2012 Doomsday Myths Debunked

The end of the world is near--December 21, 2012, to be exact--according to theories based on a purported ancient Maya prediction and fanned by the marketing machine behind the soon-to-be-released 2012 movie. (See "2012 Prophecies Sparking Real Fears, Suicide Warnings .")

In some 2012 doomsday prophecies, the Earth becomes a deathtrap as it undergoes a "pole shift," courtesy of an asteroid impact (illustrated above), a rare alignment with the center of the Milky Way, and/or massive solar radiation destabilizing the inner Earth by heating it.

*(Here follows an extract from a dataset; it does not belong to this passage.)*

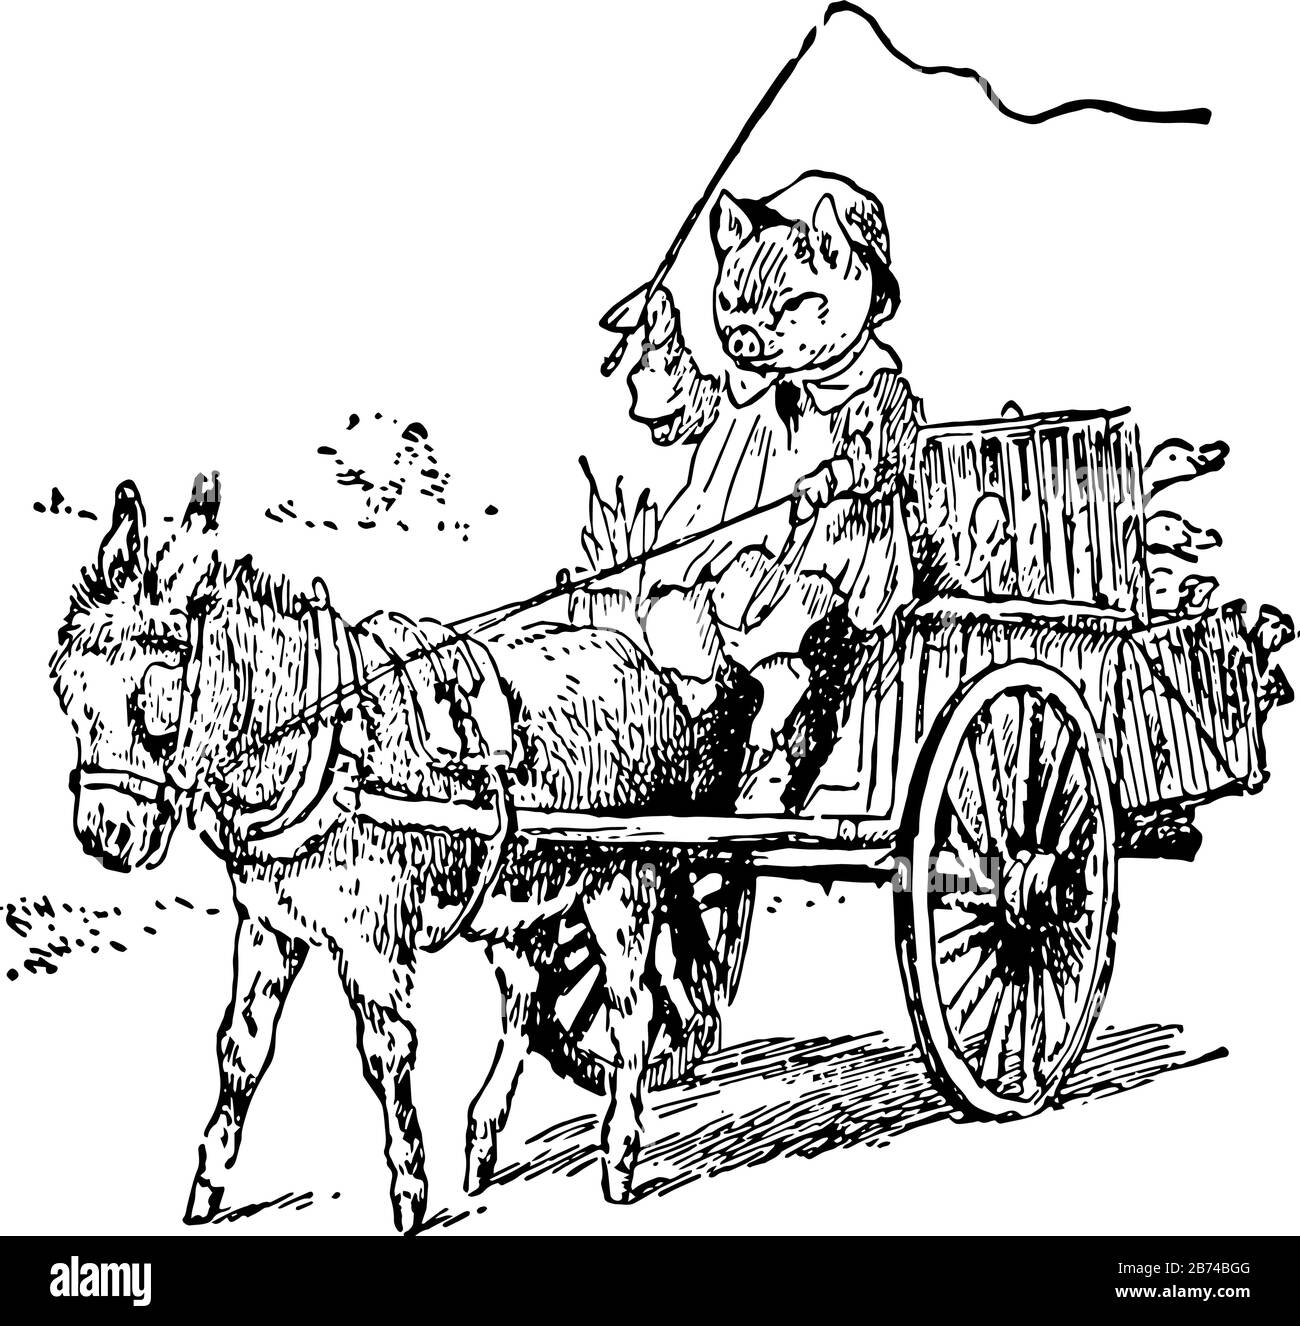 Pig Est Allé au marché, cette scène montre un cochon conduisant un chariot tiré par un âne, dessin vintage de ligne ou de gravure illustration Illustration de Vecteur
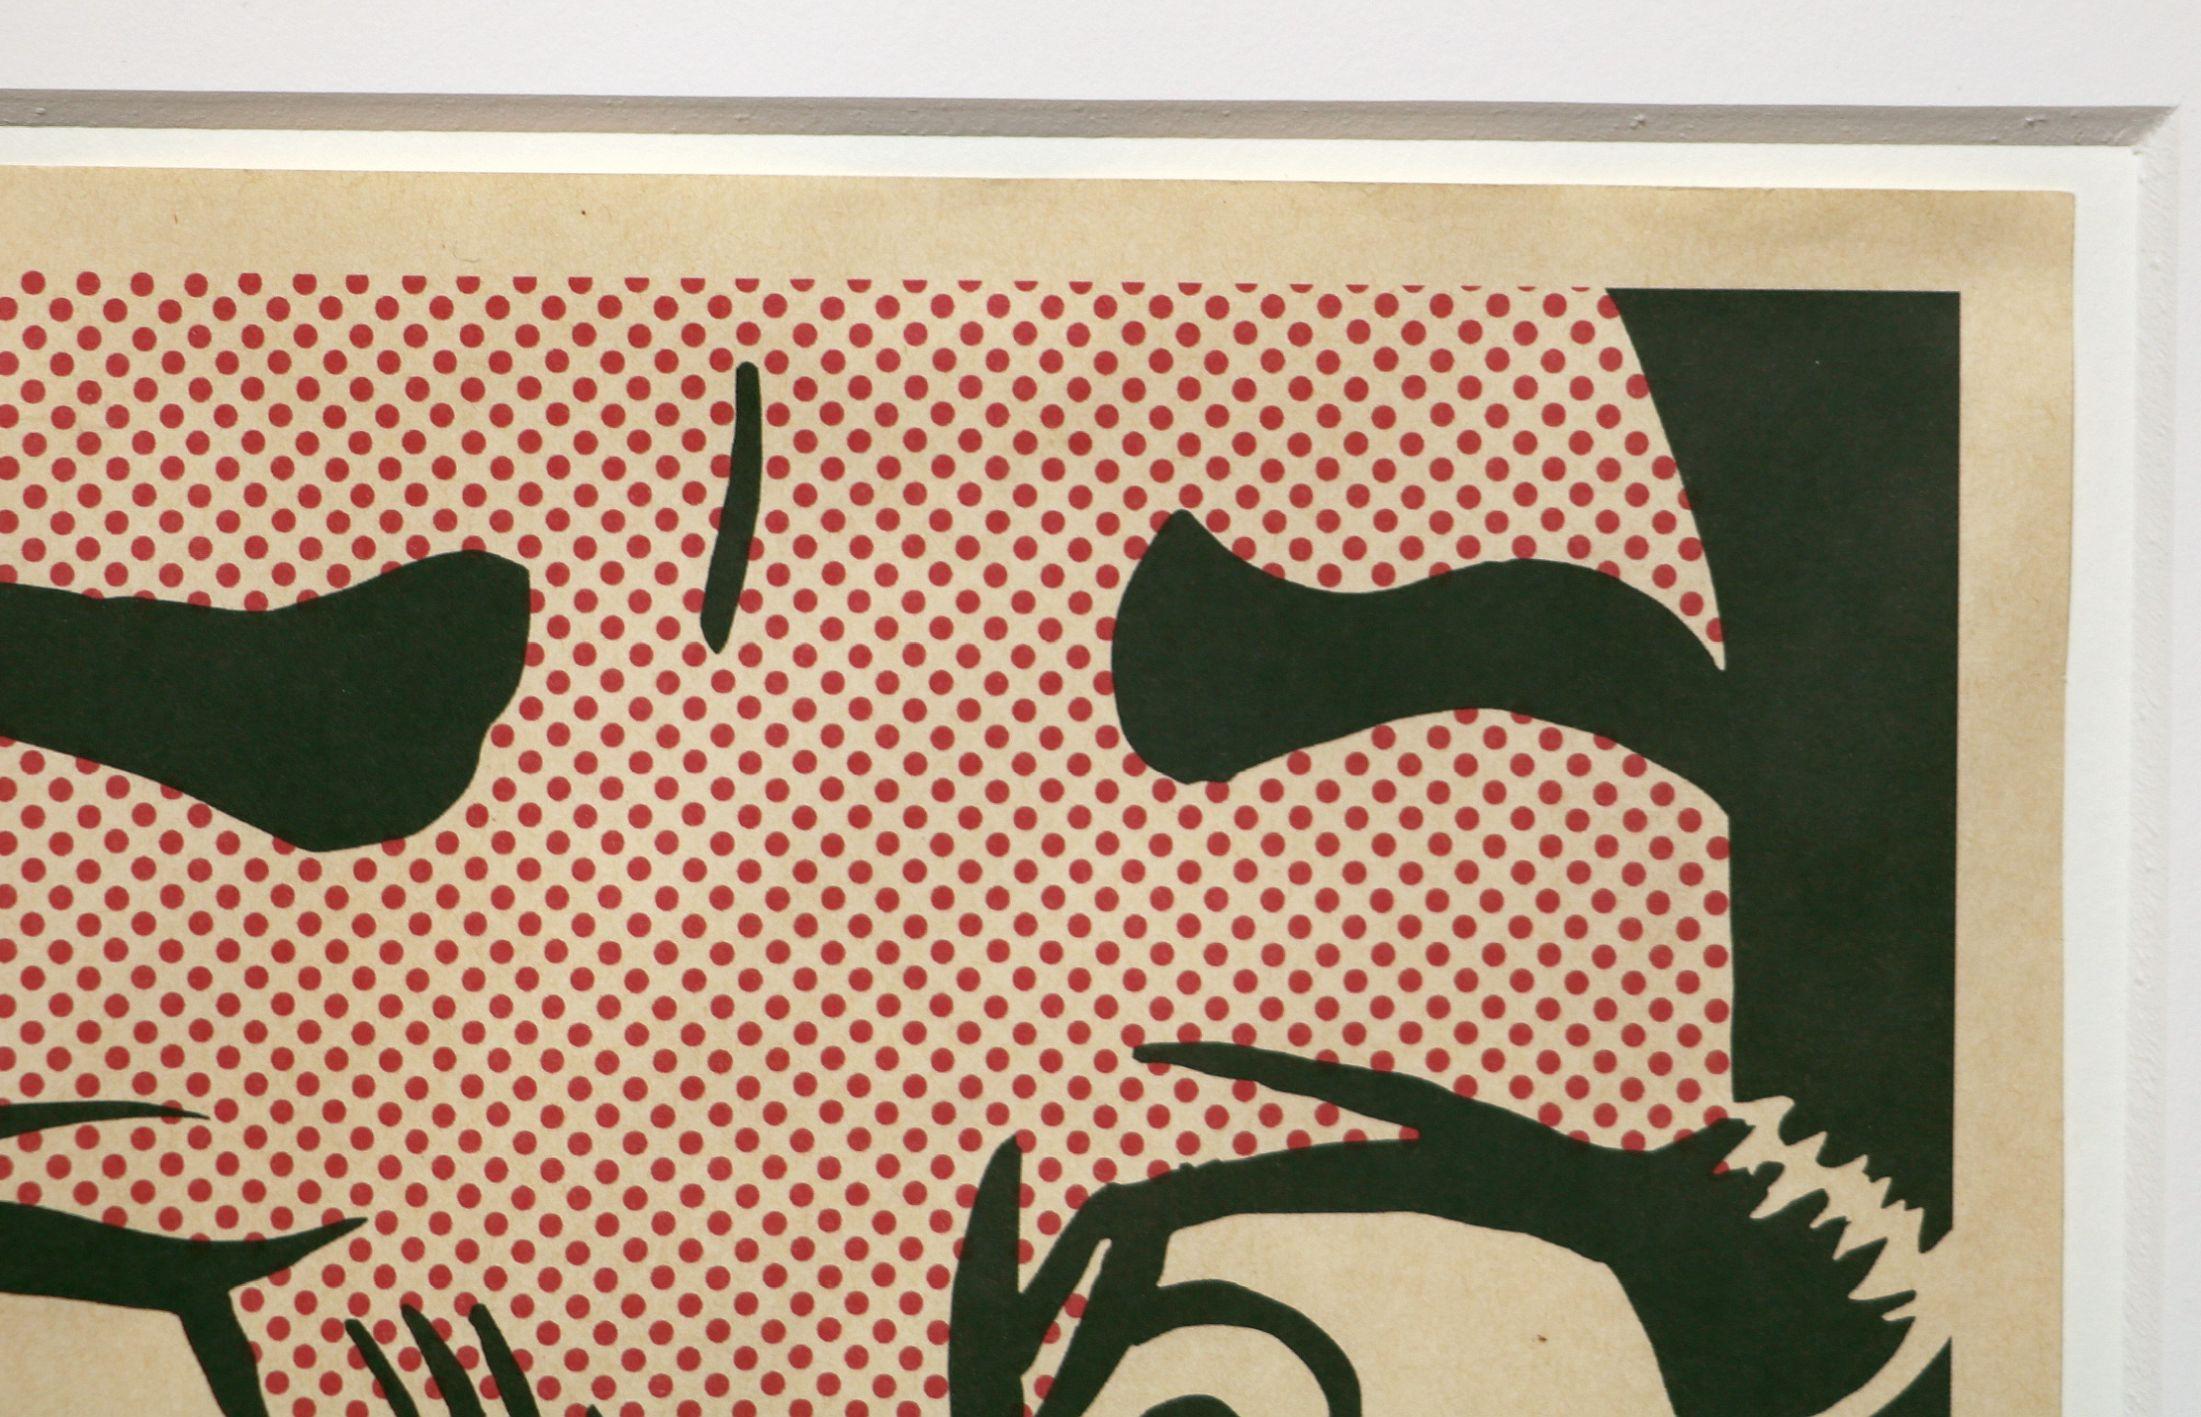 Signé à la main au crayon en bas à droite. Imprimé par Colorcraft, New York. Publié par Leo Castelli Gallery, New York. D'une édition de taille inconnue. Catalogue Raisonné The Prints of Roy Lichtenstein 1948-1997 : Corlett II.1.

The planet's crust and mantle will suddenly shift, spinning around Earth's liquid-iron outer core and sending cities crashing into the sea. (Interactive: pole shift theories illustrated.)

Princeton University geologist Adam Maloof has extensively studied pole shifts, and tackles this 2012 myth in 2012: Countdown to Armageddon, a National Geographic Channel documentary airing Sunday, November 8.

Maloof says magnetic evidence in rocks confirms that continents have undergone such drastic rearrangement, but the process took millions of years--slow enough that humanity wouldn't have felt the motion (quick guide to plate tectonics).

(The National Geographic Society owns National Geographic News and part-owns the National Geographic Channel.)